- Cover of Life on Another Planet (2009), art by Paul Buckley
- Created by: Will Eisner

Publication information
- Publisher: Kitchen Sink Press
- Schedule: Irregular
- Formats: Original material for the series has been published as a strip in the comics anthology(s) Spirit Magazine and Will Eisner Quarterly.
- Genre: Science fiction;
- Publication date: October 1978 – December 1980
- Number of issues: 8

Creative team
- Writer(s): Will Eisner
- Artist(s): Will Eisner
- Letterer(s): Will Eisner
- Colorist(s): Andre LeBlanc (hardcover)
- Editor(s): Denis Kitchen

Reprints
- Collected editions
- Signal from Space: ISBN 0-87816-014-0
- Life on Another Planet: ISBN 0-87816-370-0

= Life on Another Planet =

Graphic novel by Will Eisner

Life on Another Planet, also known as Signal from Space, is a science fiction graphic novel by Will Eisner dealing with the social and political consequences of a first contact with an extraterrestrial civilization. It was first serialized in The Spirit and later collected into a single volume.

==Plot==
An artificial radio signal from Barnard's Star listing prime numbers (although the term "prime" is never used in the story) is received at the Mesa Radio Astronomy Observatory. One of the radio-astronomers is a Russian spy and tries to inform his superiors; however he is uncovered by his fellows and subsequently killed. The CIA hires James Bludd, a prominent astrophysicist, to try to understand what is going on.

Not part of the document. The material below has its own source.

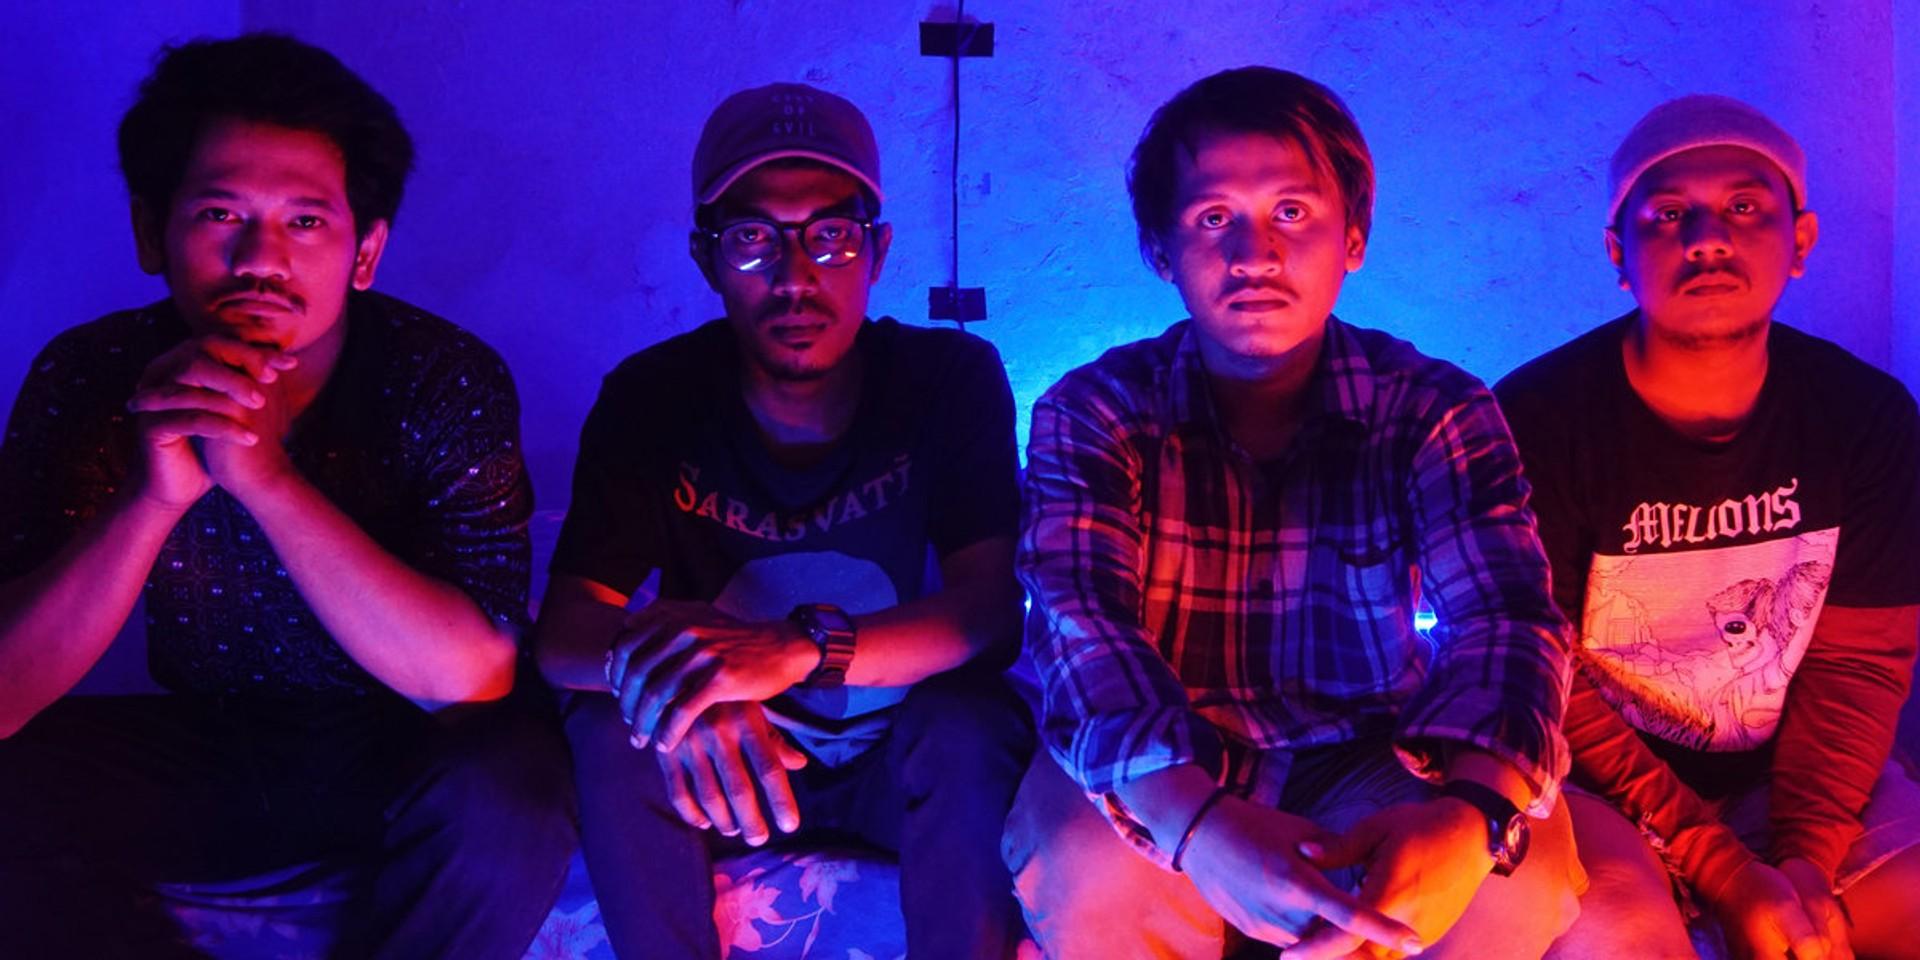 Indonesian shoegaze band Rissau announces Southeast Asia tour – Singapore, Kuala Lumpur, Batam and more confirmed

Several plotlines follow and intertwine, most of them centering on personal greed. News of the extraterrestrial message leaks to the outside world, with different consequences. A bum and a waitress build a cult, calling themselves the Star People, which seeks to find a new home on the Barnard's planet. Multinational, a corporation, decides to invest money into the cult, in order to have an easy to manipulate spaceship crew ready to take possession of the inhabited planet on behalf of the company. A dying biologist, Dr.Crowben, decides to push on the creation of plant-human hybrids biologically suited to the planet environment, which also falls within the scope of Multinational's plan.

Meanwhile, the two surviving astrophysicists have been abducted by the KGB, and Bludd learns that Russians plan to answer to the signal using neutrinos. The international situation further complicates when a small fictional African state, Sidiami, burdened by debts with other countries, decides to "secede from planet Earth" and declares itself a colony of the planet around Barnard. The "Star People" decide to relocate in Sidiami, and the Multinational starts plans to launch a probe towards the Barnard's planet from there. James Bludd finds himself implicated in the ongoing struggle between the USA, the Multinational and the "Star People" to get advantage of the situation.

At the end, the space probe is launched towards the Barnard's planet. Bludd, convinced that humankind is not ready for contact with aliens, has sabotaged it and after a while makes it explode with the aid of a remote control. When later, in the observatory, a new possible artificial extraterrestrial signal is received from space, Bludd destroys all evidence of it with a smile.

==Publication history==
The story was first published in serial form, under the overall title Life on Another Planet, as eight black and white 16-page chapters appearing in Kitchen Sink Press's Spirit Magazine from issue #19 (October 1978) to issue #26 (December 1980). It was originally collected in colour in 1983 under the title Signal from Space and later republished in black and white, with its original title, by various companies.

===Collected editions===
It was originally collected as a color hardcover by Kitchen Sink Press as Signal from Space (November 1983, ISBN 0-87816-014-0) and then later as a black and white softcover, titled Life on Another Planet, by various companies including Kitchen Sink (December 1996, ISBN 0-87816-370-0), DC Comics' Will Eisner Library (June 2000, ISBN 1-56389-677-X) and W. W. Norton & Company (September 2009, ISBN 0-393-32812-0)

==Themes==

This was … an attempt to produce a graphic novel that was constructed in the same structure as a classic literary work. By taking what would be a science-fiction plot and treating it from a more humanistic viewpoint, I hoped to come up with a book that would deserve adult interest.
— Will Eisner

Life on Another Planet has been called by James Morrow, "a kind of science fictional Bonfire of the Vanities." The overall tone is pessimistic, the whole plot turning around the greed of the various characters and the struggle between their conflicting interests. Despite the title, the novel is indeed thin on science fiction, the signal from space being more of a MacGuffin to ignite the story. Eisner himself declared that he was never enthusiastic about science fiction, but "wanted to prove that it could work as a graphic novel."